Given material:

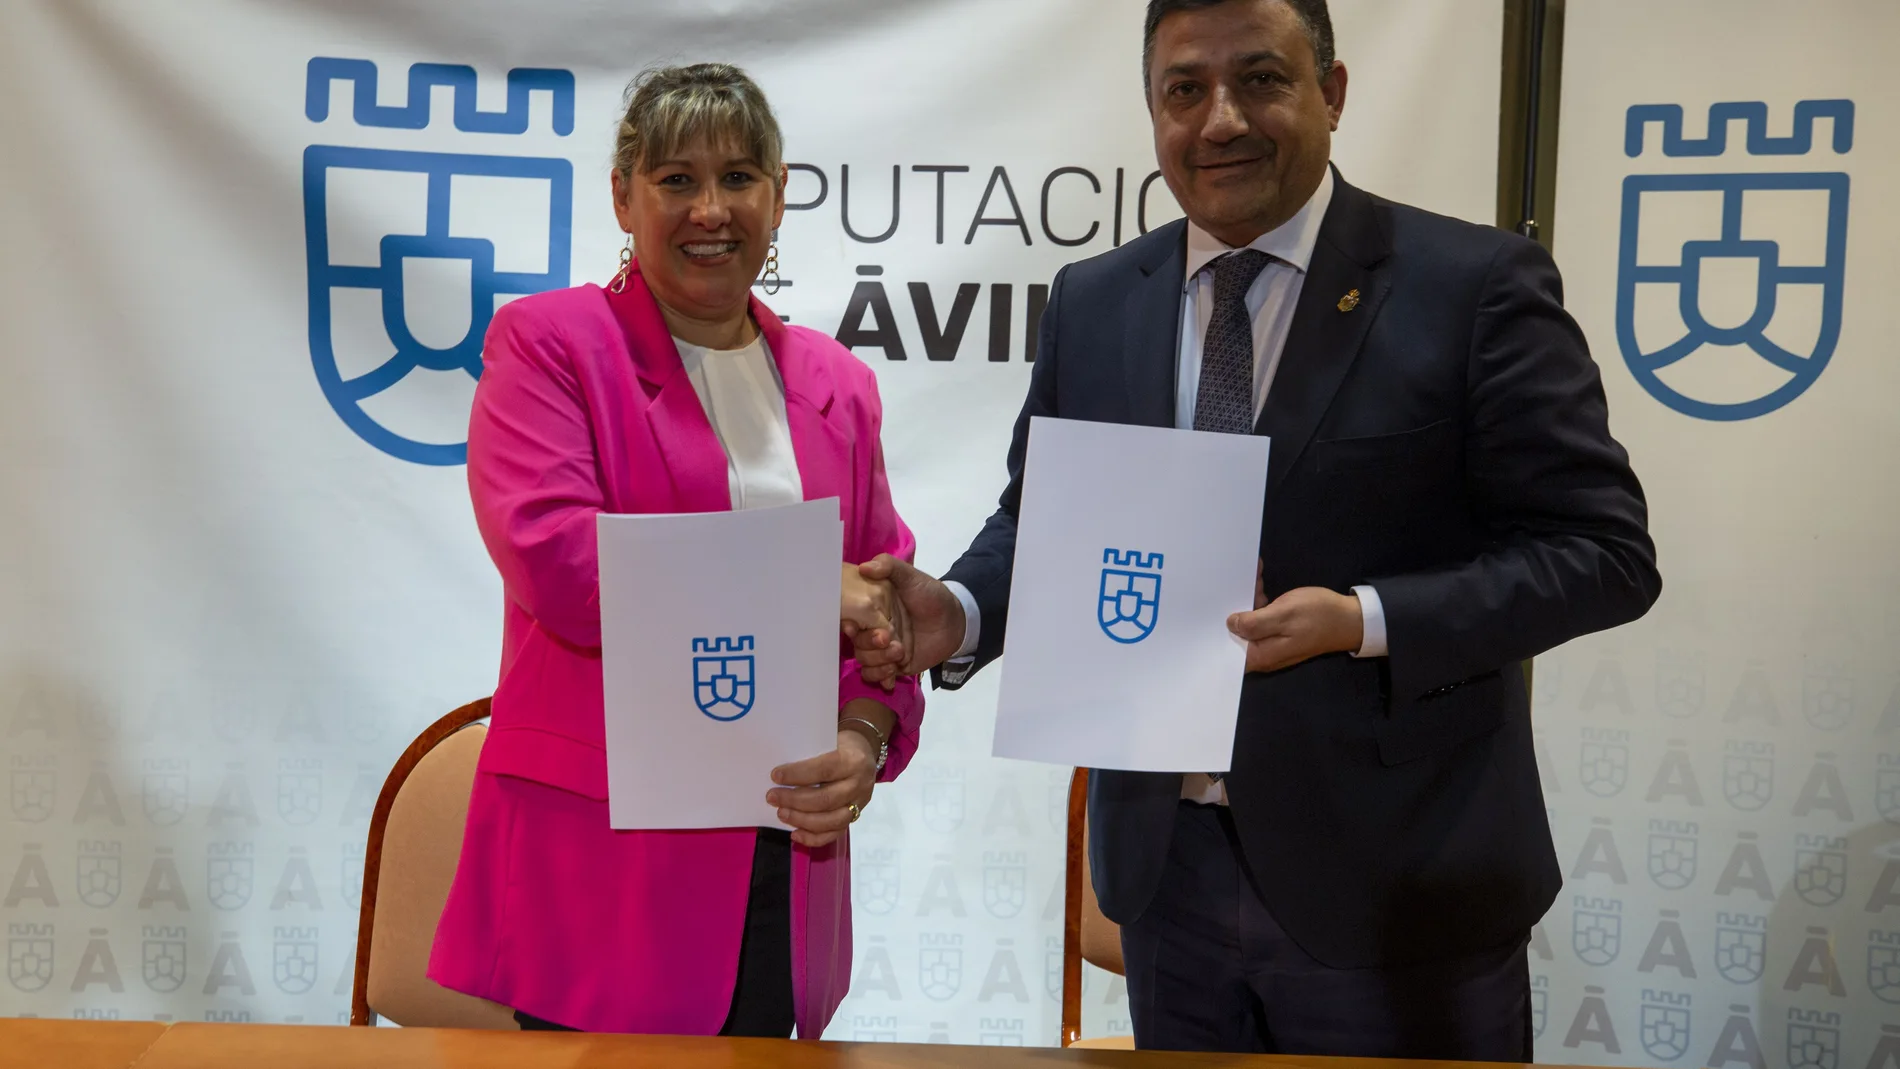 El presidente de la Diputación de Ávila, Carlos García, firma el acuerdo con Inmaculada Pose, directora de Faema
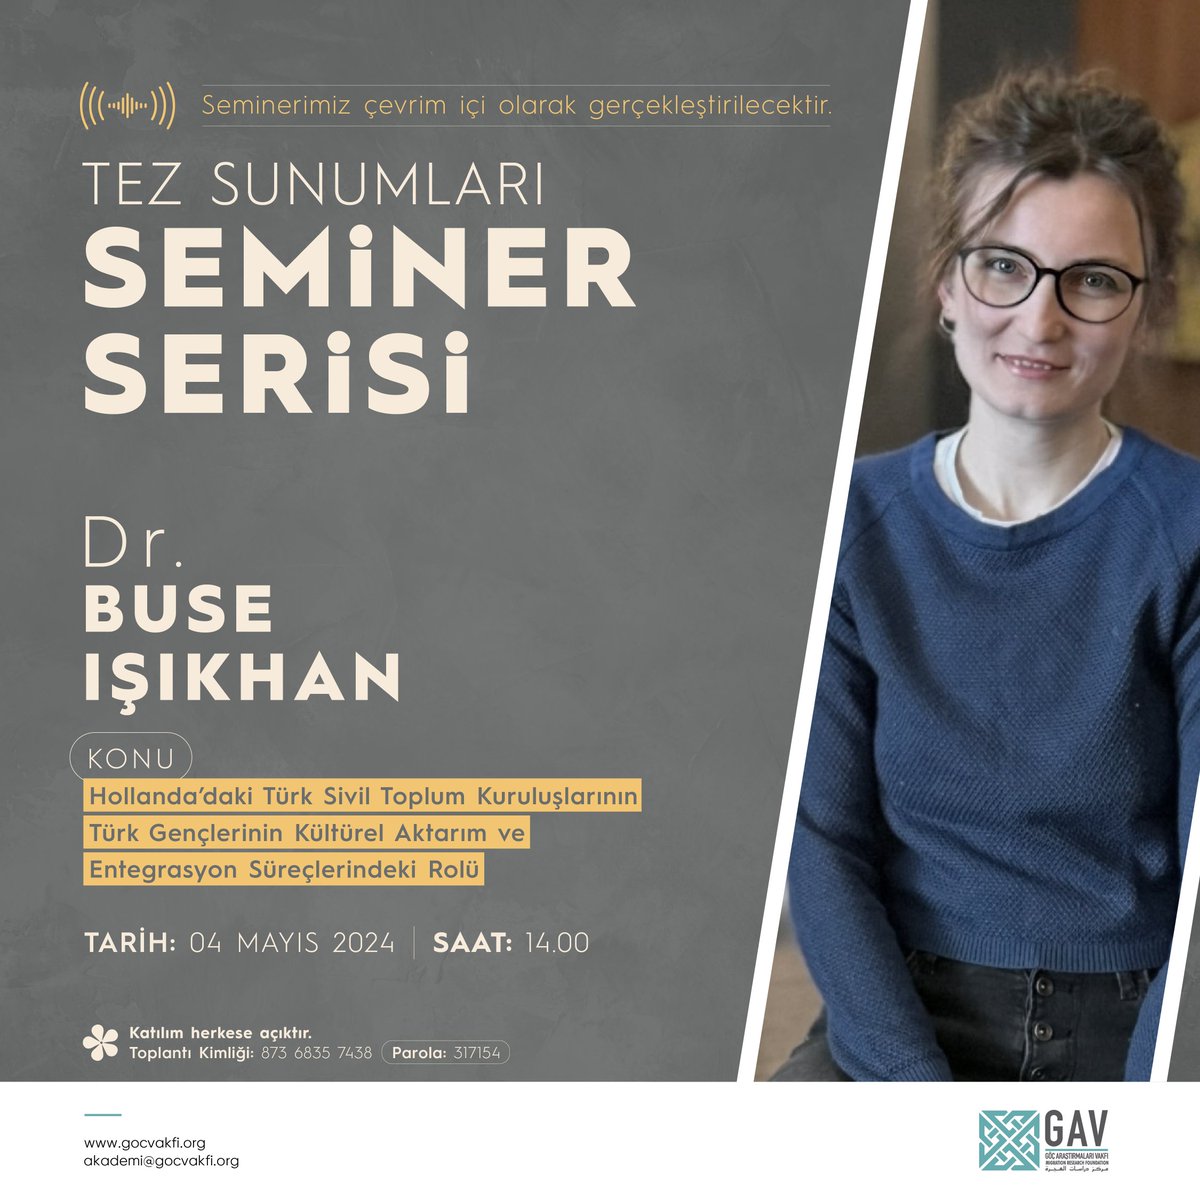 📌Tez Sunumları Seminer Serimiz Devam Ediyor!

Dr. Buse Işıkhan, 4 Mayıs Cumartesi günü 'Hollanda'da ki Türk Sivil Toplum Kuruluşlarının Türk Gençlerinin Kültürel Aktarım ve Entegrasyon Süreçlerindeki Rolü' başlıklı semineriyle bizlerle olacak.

Task: Leaving out only the pictures, reproduce the listing exactly.

Solution for this problem:
 El presidente de la Diputación de Ávila, Carlos García, firma el acuerdo con Inmaculada Pose, directora de Faema
 📌Tez Sunumları Seminer Serimiz Devam Ediyor!

Dr. Buse Işıkhan, 4 Mayıs Cumartesi günü 'Hollanda'da ki Türk Sivil Toplum Kuruluşlarının Türk Gençlerinin Kültürel Aktarım ve Entegrasyon Süreçlerindeki Rolü' başlıklı semineriyle bizlerle olacak.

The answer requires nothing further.